KORG DS-10 とは、Nintendo DS 上で動くアナログシンセシミュレータ。手軽に持ち運びできるシーケンサ・シンセソフトとして一部で人気を博しているガジェットで、YouTube やニコニコ動画でも DS-10 動画を多数見ることができますが、そんな DS-10 を駆使したパフォーマンスの数々を生で見られるイベント「KORG DS-10 EXPO 2008 in Tokyo」が10月26日に渋谷 club axxcis で開催されました。会場内は一見クラバーには見えない人々で埋まっており、パフォーマーの手元の DS-10 をアップで写したスクリーンを食い入るように見詰めていたりずっと Nintendo DS をいじっている人々がいるなど、まさしくDS-10オペレータの祭典に相応しい光景でした。

ステージでは DS-10 プロデューサーで元ナムコサウンドチーム現 cavia の佐野信義氏の司会のもと、DS-10 を6台使った演奏など、DS-10 を極限まで使い倒してやろうという意気込みのパフォーマンスが繰り広げられました。またサプライズゲストとして、日本でシンセといえばこの人、の松武秀樹氏 (写真左) が壇上で挨拶。「昔は重い機材を苦労して運んでた。あの時DS-10があったら良かったのに」の発言で会場はおおいに湧いていました。ちなみに写真で右側に写っているのは DS-10 の開発に携わった KORG 金森与明氏。

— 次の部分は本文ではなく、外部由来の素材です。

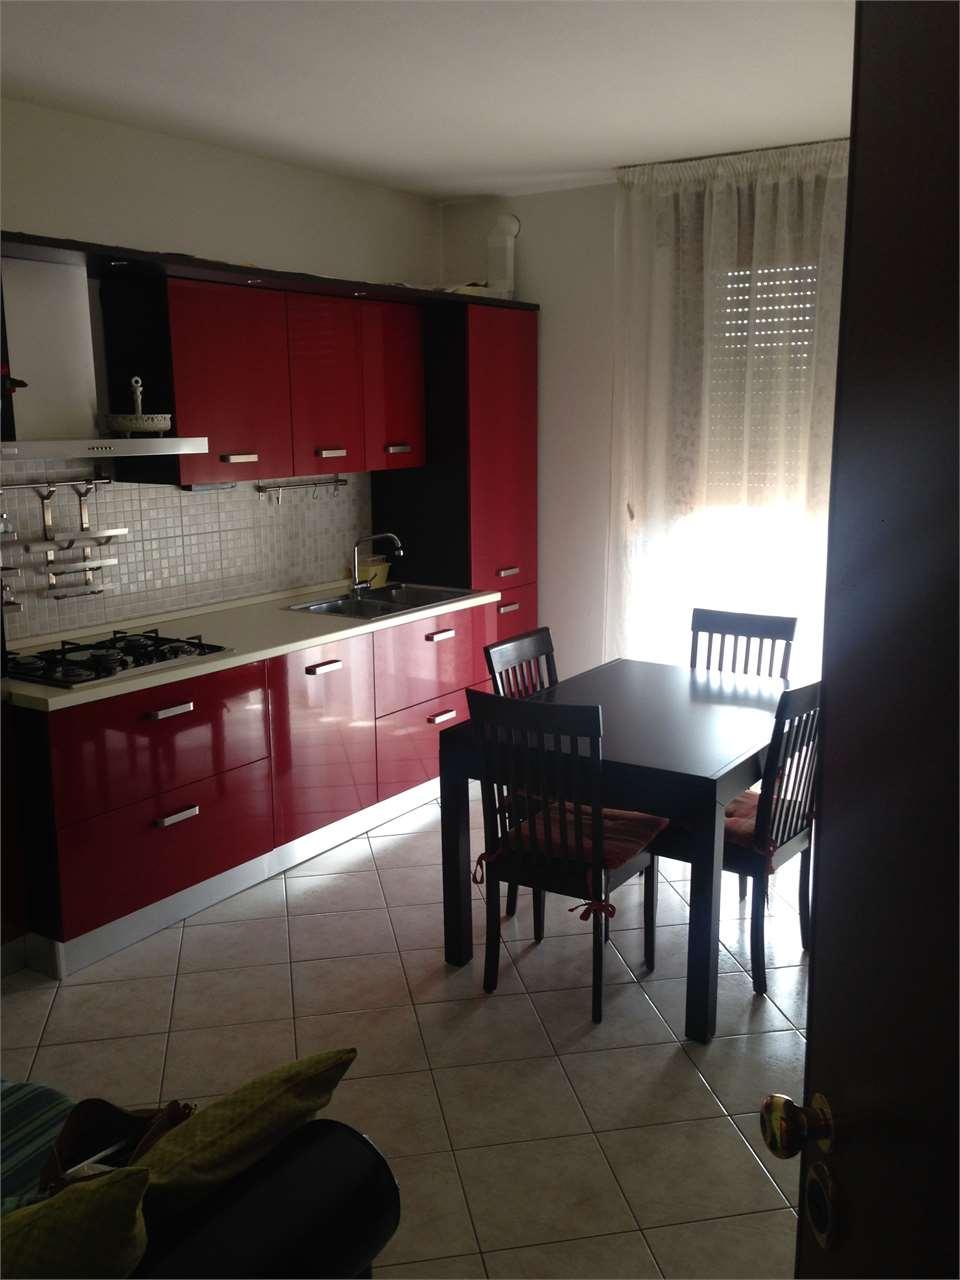 Appartamento in vendita a San Giorgio di Mantova, 3 locali, zona Zona: Mottella, prezzo € 105.000 | CambioCasa.it

ちなみに DS-10 には、スタイラスを動かして音程やゲートなどのパラメータをリアルタイムに制御できる「カオス・パッド」モードなど、リアルタイムでの演奏パフォーマンスのための機能も用意されているため、ステージでの生演奏にも対応可能。写真のヨナオケイシ氏をはじめ、リアルタイムでの演奏に各自工夫を凝らしていました。もっとも、小さな DS-10 の画面をペンでいじっている姿はどうにも音楽を演奏しているように見えないのが残念といえば残念。是非ともステージパフォーマンス用に、こんな改造だとかこんなDS の登場を待ちたいところです。

参考 - 出演者リスト

なお、EXPO 2009 の予定はまだ立っていないとのこと。